From today’s SCMP:

The government is trying to enter as evidence estimates that “great numbers” of Filipino maids would become permanent Hong Kong residents in its fight against foreign domestic workers who are seeking right of abode.

But a High Court judge called an impromptu hearing yesterday to ask the government why it had applied to file new evidence only weeks before a judicial review begins.

Last week the Democratic Alliance for the Betterment and Progress of Hong Kong released figures that said the city’s unemployment rate would rise to 10 per cent, from the current 3.5 per cent, if the maids prevailed in their effort for permanent residency. The party cited a government estimate that 500,000 people could settle in Hong Kong, costing an extra HK$25 billion a year in social spending, if domestic workers were granted permanent residence.

Nowhere have I read what this estimate is based on, neither the number 500,000 people (most of whom presumably are already here) or the average spending of HK$50,000 per person.  It also ignores the possibility that at least some of these people would be paying taxes.

Hemlock noted today:

Could it be that the government, aided by its vote-mongering supporters in the Democratic Alliance for the Betterment etc of HK, is stirring up racism and alarm as a way of diverting people’s attention from the abysmal failure of nearly everything else it does? This would, in fairness, bring it into line with just about every other government on the planet at some time or another. Or is it wetting itself about a theoretical inundation of dark-skinned hordes because blind panic is its default reaction to almost anything?

It would be interesting to know what has made the DAB so interested in this issue. As the local front of the Chinese Communist Party, it follows orders rather than sets agendas. It pushes the interests of the local less-educated working class, insofar as these are compatible with its higher cause, and stresses nationalism and disdain for the sort of cosmopolitanism common among the pro-democracy middle class.

Colonialism probably deserves some of the blame here. Many decades ago, the Chinese were second-class citizens in Hong Kong, and – as in the Mainland – there is still something of an inferiority complex. The elite feel inadequate without Jockey Club membership, appointment as Justice of the Peace or other idiotic British baubles. The underclass, like the white trash in the UK or the US, need someone to look down on, and Third World maids are ideal. The prospect of legitimizing these people and letting them compete in the workplace provokes hostility because of insecurity. Filipinos might have more than just an economic edge on local counterparts. The real fear is not that maids’ relatives would come over and claim welfare, but that their relatives would come over waving fancy nursing degrees and other credentials, leaving Hong Kong’s dropouts and rejects in the dust.

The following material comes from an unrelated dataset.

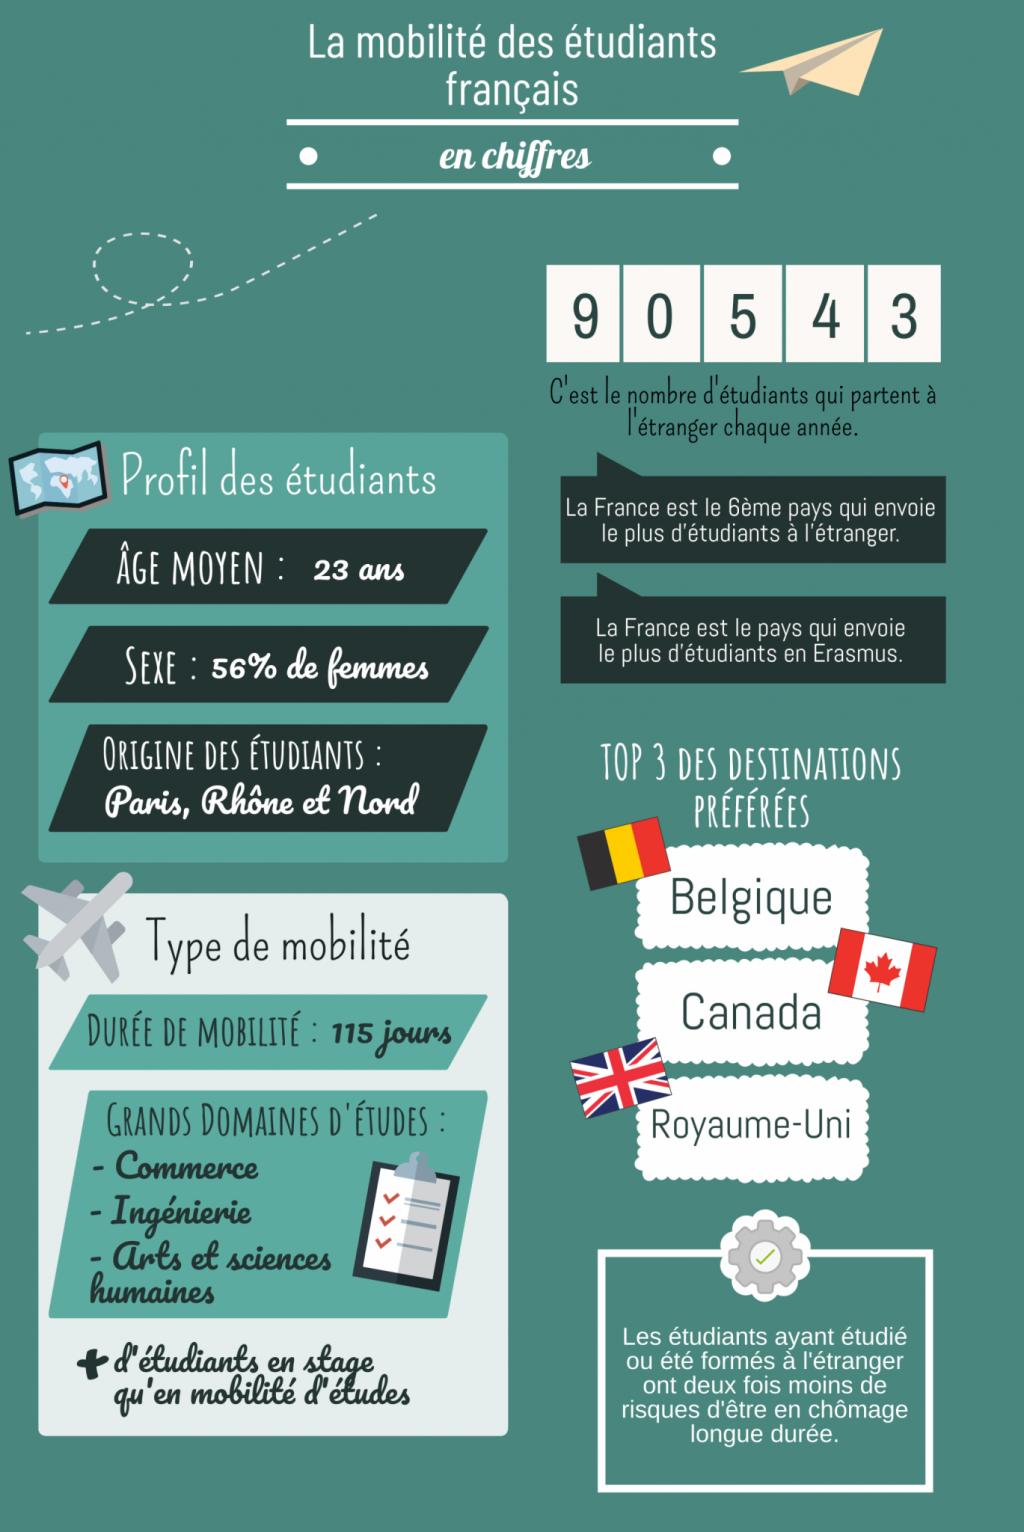 La mobilité des étudiants français en quelques chiffres. //©Pauline Bluteau

Racial superiority meets humiliating truth.

Article 24 of the Basic Law states, in part, “The permanent residents of the HKSAR shall be … (4) Persons not of Chinese nationality who have entered Hong Kong with valid travel documents, have ordinarily resided in Hong Kong for a continuous period of not less than seven years and have taken Hong Kong as their place of permanent residence …”  It does not say “except for XXX.”

Article 25 states, “All Hong Kong residents shall be equal before the law.”

Article 39 states, “The provisions of the International Covenant on Civil and Political Rights, the International Covenant on Economic, Social and Cultural Rights, and international labour conventions as applied to Hong Kong shall remain in force and shall be implemented through the laws of the HKSAR.”

Full stop.  There may be those in Hong Kong who “do not want them here” and you are of course entitled to your opinion but there is no legal or ethical basis for denying them resident status if they otherwise qualify for it.

Or, as Thomas Jefferson said:

All, too, will bear in mind this sacred principle, that though the will of the majority is in all cases to prevail, that will to be rightful must be reasonable; that the minority possess their equal rights, which equal law must protect, and to violate would be oppression.